It’s a harsh fact of life that good looking people, of both sexes, have better lives than moosey peers. They earn more money, have more partners and in many surveys have the cheek to record higher overall happiness scores. Beauty then is not in fact just skin deep, it ripples through a personality too.
Why should this be the case though? A widely held view is that it’s the process of others with imperfect information making subconscious back-of-envelope calculations where looks equals competence. That would be wrong (and can and has also been proved) but it’s what people do anyhow.
The paper highlighted this week though takes the above assumption apart using a novel dataset; Chinese Communist Party provincial Party Secretaries. Huh?
Leng Ling, Danglun Lo and Guomon She from the Georgia College and State University, the Zhongshan University and the HKUST Department of Accounting respectively looked at data on 981 local leaders from 1999 to 2013 to see how ‘beauty’ affected their careers. This is a useful group because from a very early age everything is known about them. Seniors making selections then for promotion shouldn’t suffer the lack of data problem that’s believed to cause looks driving success outcomes observed elsewhere.

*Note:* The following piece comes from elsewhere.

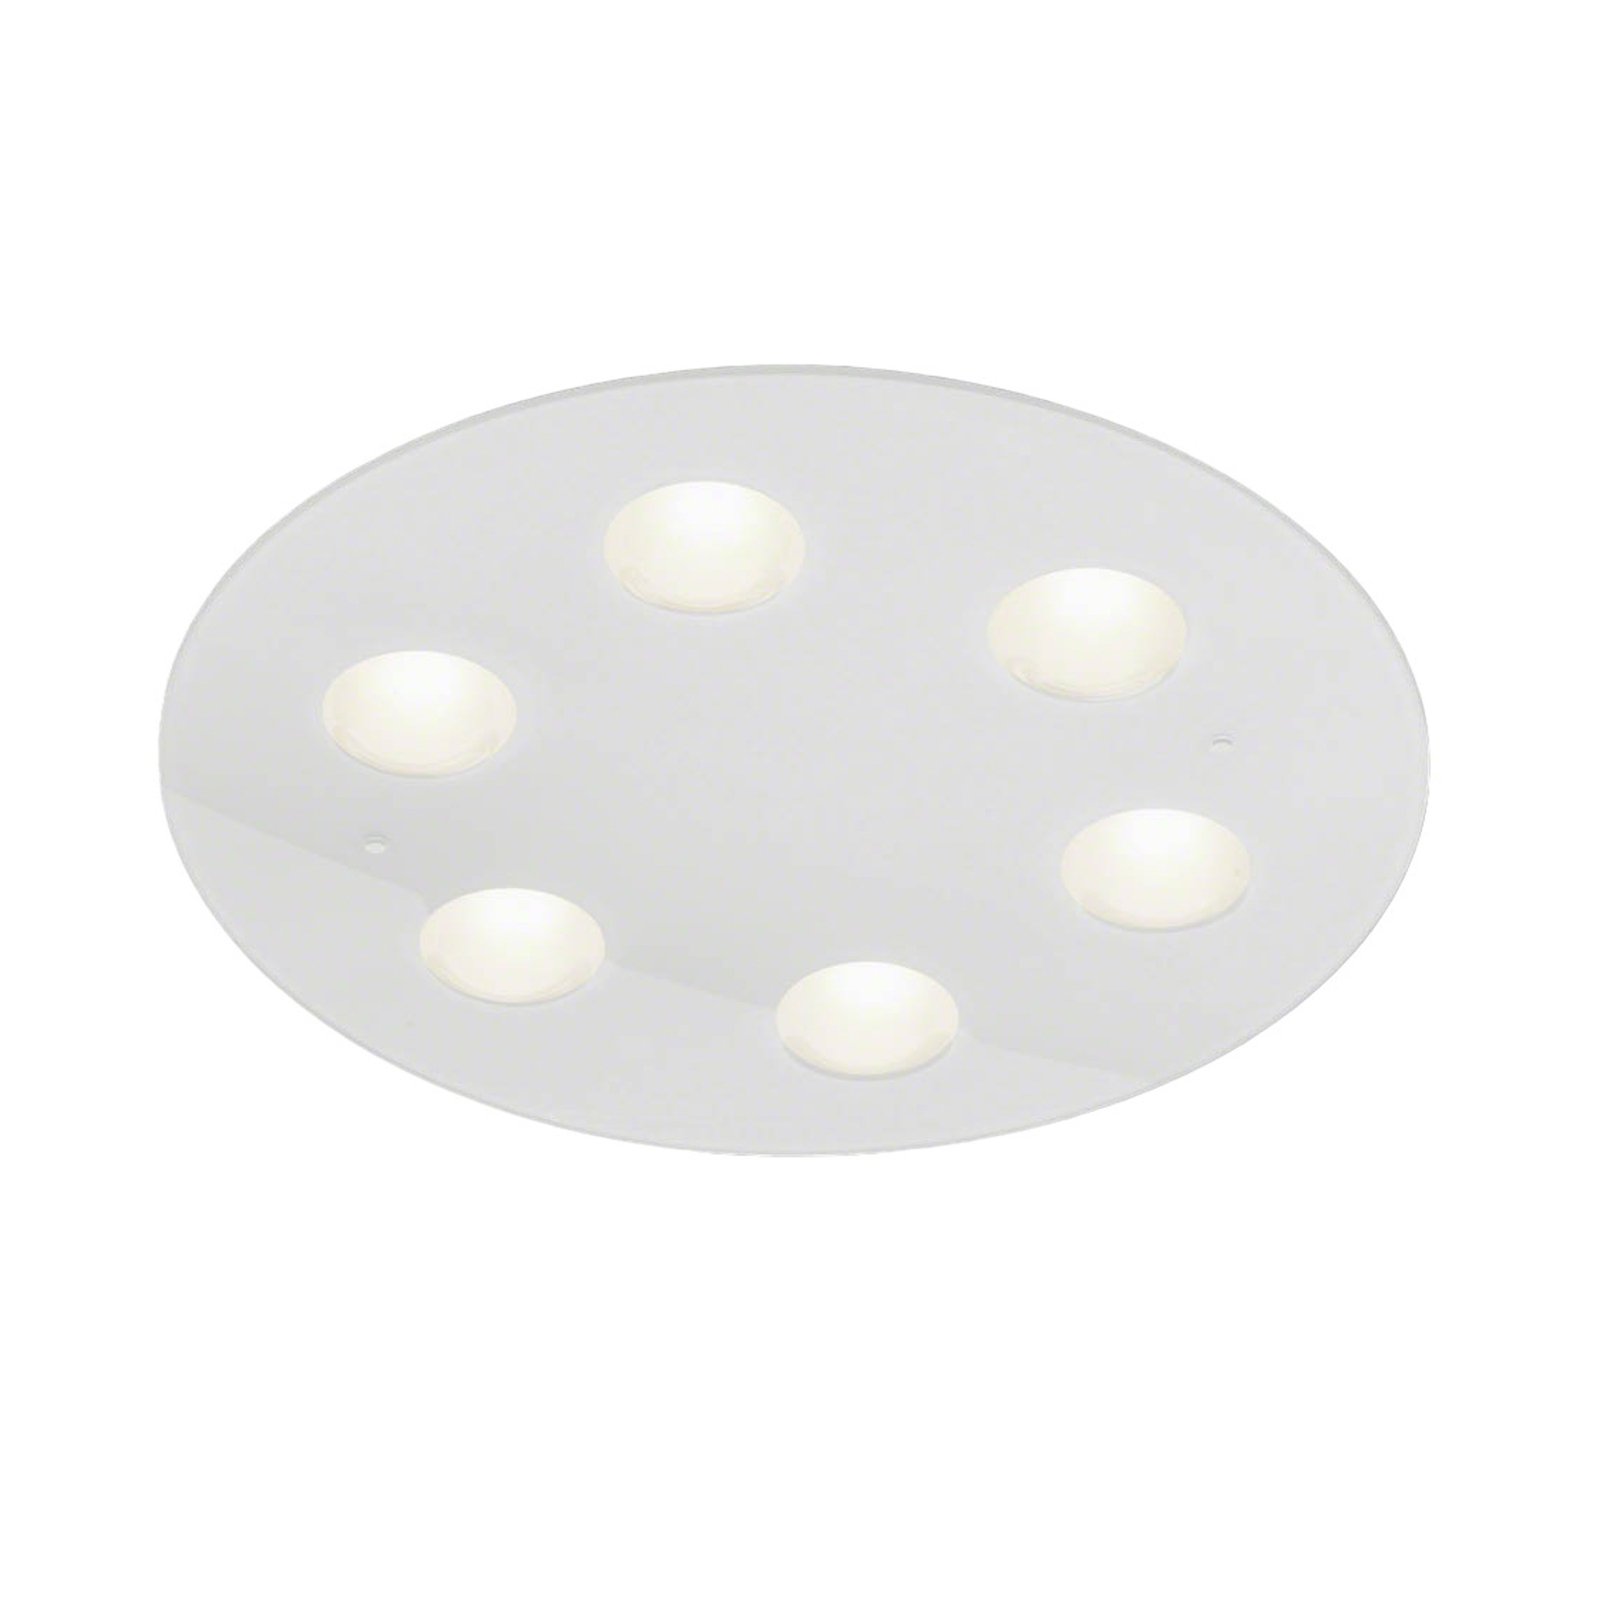 Helestra Nomi LED ceiling light Ø 49 cm dim white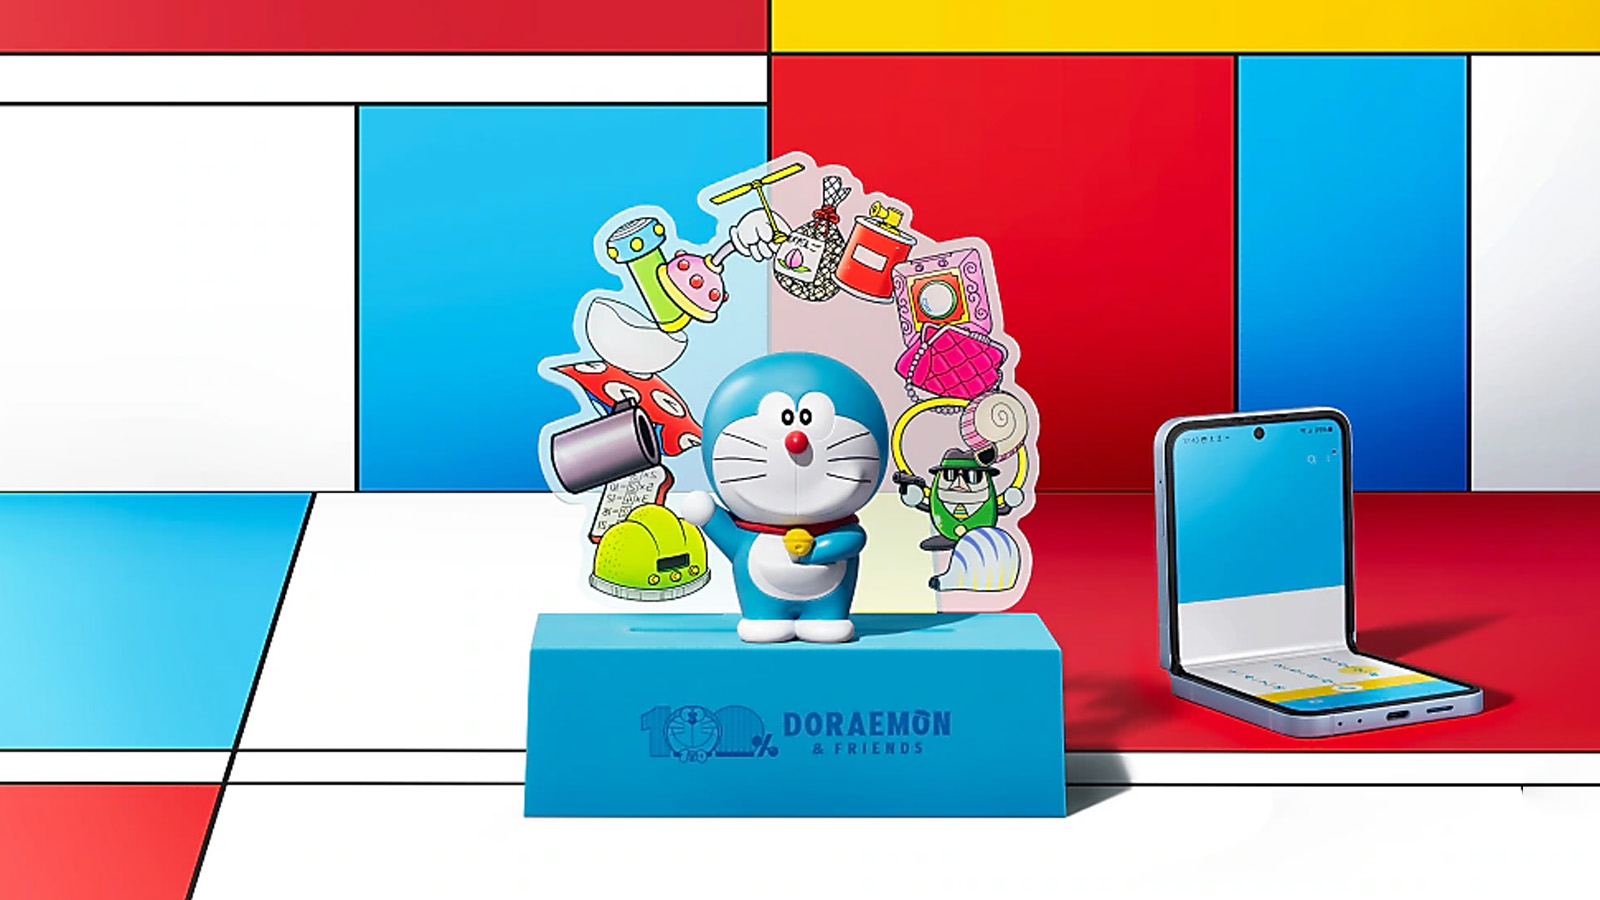 Bộ sản phẩm còn bao gồm đế dựng điện thoại in hình Doraemon với thiết kế nam châm tiện lợi, giúp bạn dễ dàng đặt điện thoại ở mọi góc độ (Ảnh: Internet)

However, they seem to make the same ‘mistake’ of preferring good lookers. A competent and a good looking Party Secretary have around the same chance for promotion but a good looking duffer is demoted less than you would expect. Also a good looking average performer can do better than a peer with the same competence.
The researchers point out that this undermines the notion that the undemocratic Chinese system is superior to the Western based popularity-contest-model because it’s based on quantifiable merit.
Mostly it is; except on the more than rare occasions where it’s quantifiably, according to this research anyhow, not.
The paper in full can be accessed via this link Judging a Book by It’s Cover
Happy Sunday.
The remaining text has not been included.